The trial judge, Sedgwick District Judge Kevin Mark Smith, ruled that the officers had not impermissibly extended the traffic stop. The Court of Appeals upheld Smith's ruling.
The Supreme Court also ruled the search legal, but came up with a different, and potentially disturbing, rationale for why.
The drug sniff was legal because Wilson's driver's license was suspended, said the majority opinion, authored by the court's most conservative justice, Caleb Stegall.
'Though Wichita police officers have the authority to arrest someone for driving on a suspended license, they also have the discretion not to,' Stegall wrote. 'The officers here admitted that although they intended to arrest Wilson from the moment they asked her to exit the vehicle, they did not actually arrest her until after they searched the car and found the pills.
'But regardless of whether Wilson was under arrest at the time of Oden's sniff, there are absolutely no circumstances in which the officers would have allowed Wilson to drive away in the vehicle. Put another way, regardless of what happened to Wilson, the car wasn't going anywhere. It simply became a lawfully, publicly parked vehicle in Wichita, Kansas . . . Because the car was legally parked and no one was attempting to or prevented from lawfully moving it, the sniff was legally performed regardless of whether Wilson was seized.'
You may be saying, my license is fine, so I don't have to worry about this.
Not necessarily.
I got pulled over once out in California and was shocked to learn from the officer that my license had been suspended without my knowledge.
It turned out it was the result of a very minor accident where another driver and I had tapped bumpers a year of so previously. I didn't think enough damage was done to trigger the requirement to file an accident report, but the other driver did file one. So I'd been suspended for failing to file, though I'd never heard a peep about it from the DMV.
Fortunately, the cop was understanding, and let me off with a warning and an admonition to go straight to the DMV and take care of it — which I did.
In Kansas, the DMV is generally required to send notice and allow drivers time to appeal before suspending their license.
But people don't always get the word. A lot of folks forget to update their license when they move, and the DMV sends suspension notices to the last address they have on file.
'People get caught in that all the time,' said lawyer and state legislator John Carmichael.
Carmichael said Kansas police and courts tend to be less forgiving than my laid-back California cop was. If you don't update your license when you're supposed to, they consider that your problem.
In the dissenting opinion in Wilson's case, Justice Eric Rosen called it a fantasy to believe that the officers had seized the driver, but not her car.
''It would have been clear to anyone not residing in a fantasy-world parallel universe' that the officers here were not going to let Wilson or her vehicle leave the scene until the dog sniff was complete,' he wrote. 'The majority ignores this reality, insisting that Wilson's car was not seized because she did not have a license to drive it.'
'It would seem that, in the majority's new world, if an officer pulls over a driver who does not have legal authority to operate a vehicle, the officer may seize that driver and prevent anyone from moving the vehicle for as long as necessary to await a dog sniff.

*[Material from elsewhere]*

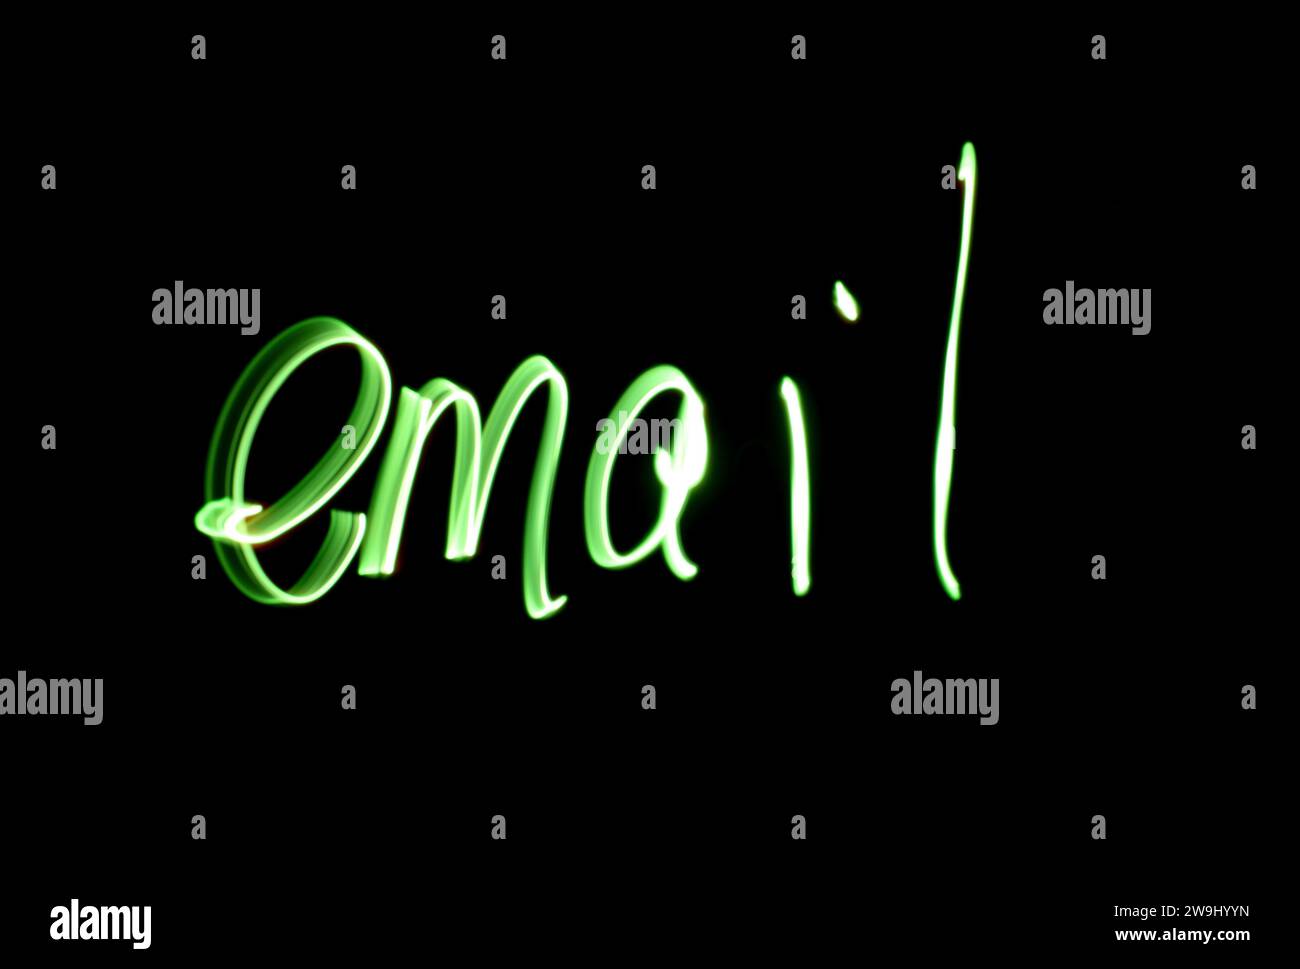 Photographie du mot « e-mail » écrit en lumière verte éclatante sur une photo longue exposition sur fond noir. Photographie de peinture légère Banque D'Images

I cannot fathom this is what the majority had in mind, but it seems it is the result they have created.'
I think Rosen's onto something. So did Chief Justice Marla Luckert and Justice Melissa Taylor Standridge, who joined the dissent.
Rosen continued that even if the car was not technically legally seized at the time, 'I could not join the majority in its brazen announcement that officers can perform a dog sniff on any car that is legally parked in public.'
I'm not enough of a legal scholar to say if that's the message the court's trying to send. But I'm pretty sure it's the message police will hear.
And all our privacy could suffer as a result.